In order to use the ammonia of the present device assembly 10 in, for example, the treatment of NOx in a vehicle exhaust system, it is necessary to apply a sufficient amount of heat in order to sublimate the solid ammonia into its useful gaseous form. It is contemplated that sufficient heat transfer can occur between the cartridge 12 and the ammonia-containing material disks 14, and the surrounding heat conductive layers 34 through the expansion of the disks and heat conductive layer, which when stacked together, are compressed through the application of sufficient compression pressure.
As noted, heat is required to release the ammonia gas from the solid ammonia-containing material. Heat may be applied to the cartridge 12 from a variety of sources, including but not limited to, an electrical resistive device, or hot exhaust gases from a combustion process. The heat would then transfer through the cartridge 12 to the nested disks 14 through the heat conductive layers 34 within the cartridge 12, releasing the ammonia gas within the cartridge. Although not shown, the ammonia gas may be delivered to an exhaust system through use of a controllable dosing valve to control the release of ammonia within the cartridge 12 to be used in the catalytic reduction of NOx in a vehicle exhaust system (not shown).
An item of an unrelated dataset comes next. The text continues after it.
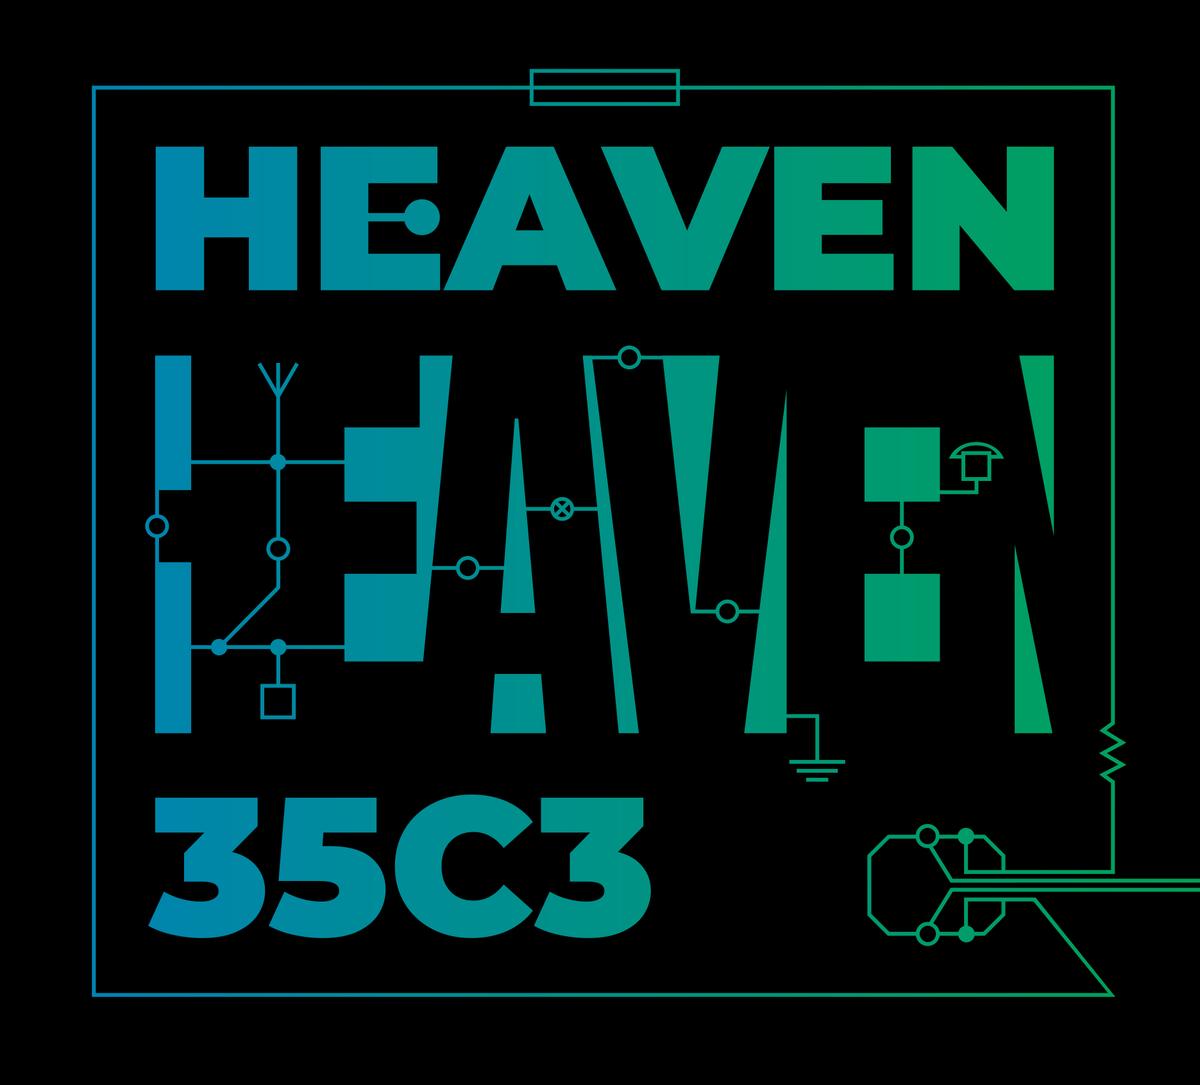 35c3 Heaven Logo

The matter set forth in the foregoing description and accompanying drawings is offered by way of illustration only and not as a limitation. While particular embodiments have been shown and described, it will be apparent to those skilled in the art that changes and modifications may be made without departing from the broader aspects of applicants' contribution. The actual scope of the protection sought is intended to be defined in the following claims when viewed in their proper perspective based on the prior art.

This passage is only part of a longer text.